Sur la Cigarette, le mode narratif fonctionne très bien, puisque l'introspection est un des ressorts du bouquin. Sur Central Zéro, dont le script a connu quatre versions majeures et très différentes (souvent incomplètes, je recommençais dès que je butais sur des problèmes de construction qui me semblaient insolubles à l'époque), et les premières avaient un côté thriller futuriste, à voix off façon Blade Runner dans sa version de 1982, très explicative.
C'est lors d'une de ces révisions que j'ai pris conscience du tic. Dans Central Zéro, cette voix off n'apportait pas grand-chose, et m'enfermait dans un cliché. Pire, elle me jetait dans des problèmes logiques si je voulais conserver certains mystères sur le protagonistes. Pire, j'avais trois albums au compteur, un publié et deux à venir, et tous fonctionnaient avec ça. De bonnes raisons de me priver de cette béquille, car dans le cas de celui-ci, c'en était clairement une. Je changeai la structure de l'album (pour arriver à celle qu'on connaît) et décidait délibérément de faire passer les choses par les dialogues, en évitant de m'étaler, en levant le pied.
D'une certaine façon, dans les années qui suivirent, je m'interdis méticuleusement de retomber là-dedans. Spawn : Simonie aurait pu fonctionner avec (du super héros qui se morfond, c'était taillé pour) et je n'y suis revenu, brièvement, que pour encadrer le tome 2 de Tengu-Do, le twist que représentait cet épisode de la série avait besoin d'être solidement marqué.
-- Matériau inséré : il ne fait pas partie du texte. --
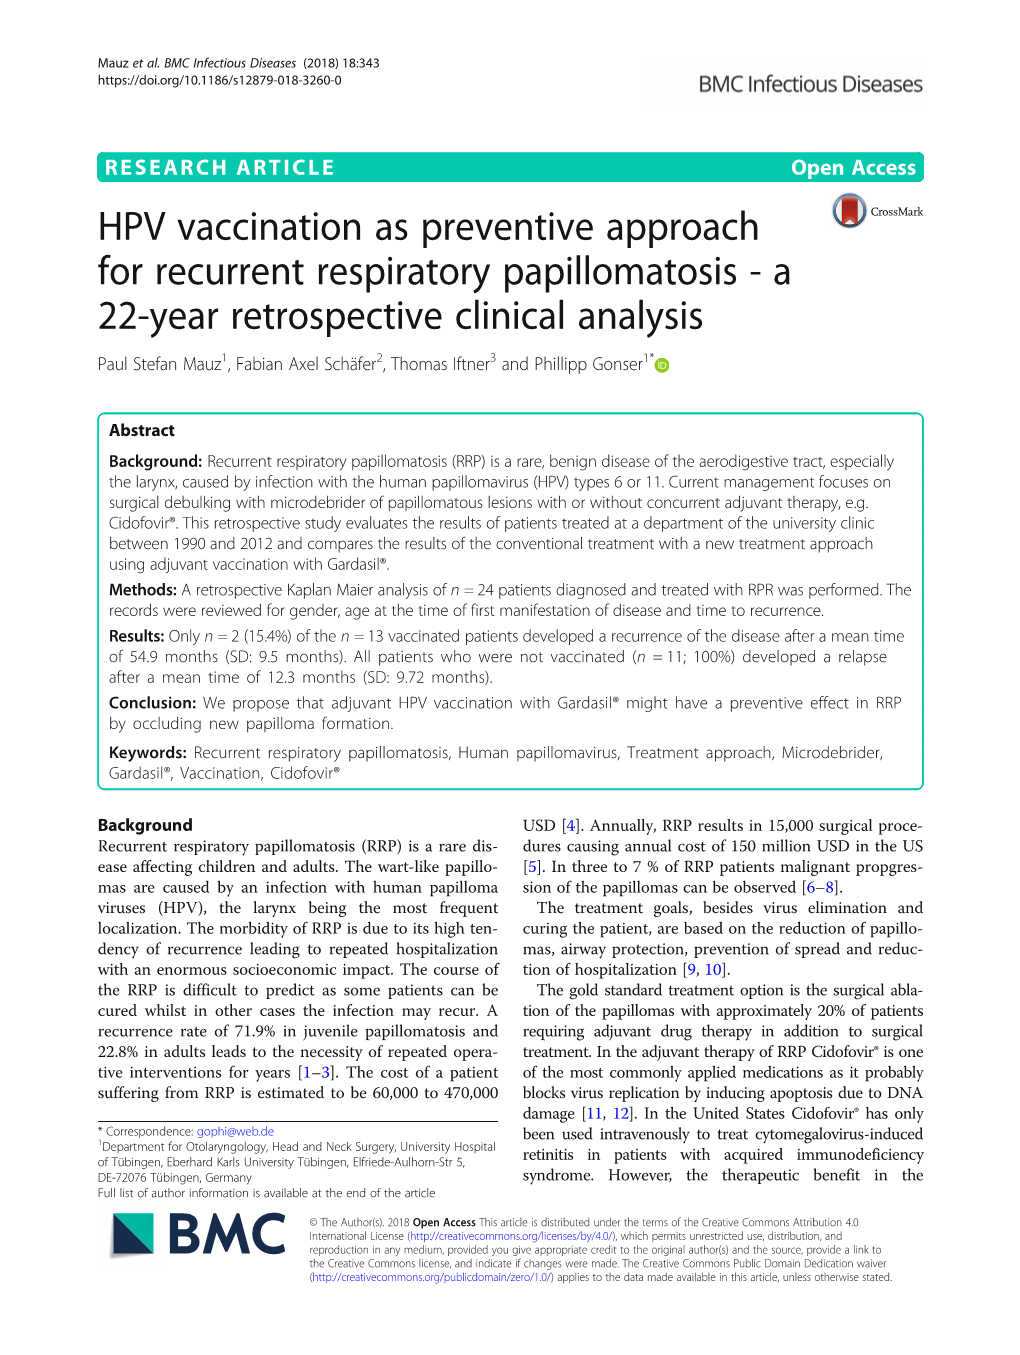 HPV Vaccination As Preventive Approach for Recurrent Respiratory

Depuis, pas d'autre occurrences dans mes BD. Je vise narrativement à une forme d'épure qui élimine au max les pavés de textes narratifs, qu'ils soient impersonnels ou basés sur une voix off, et souvent ces pavés sont utilisés comme éléments de dialogues, pour faire la liaison entre deux scènes, ou pour fonctionner en contrepoint.
Curieusement, la narration à la première personne est revenue en force dans mes romans. Depuis L'île de Peter, j'aime bien laisser à la parole à des personnages qui vont se livrer à l'occasion d'un long monologue interrompant délibérément le flot du récit. On retrouve aussi ce motif dans L'Ancelot, avec la scène du Morholt. Dans Les Canaux du Mitan, j'ai recours à des partie entières en narration à la première personne, qui me permettent de varier le ton en fonction du personnage point de vue, de changer de focale.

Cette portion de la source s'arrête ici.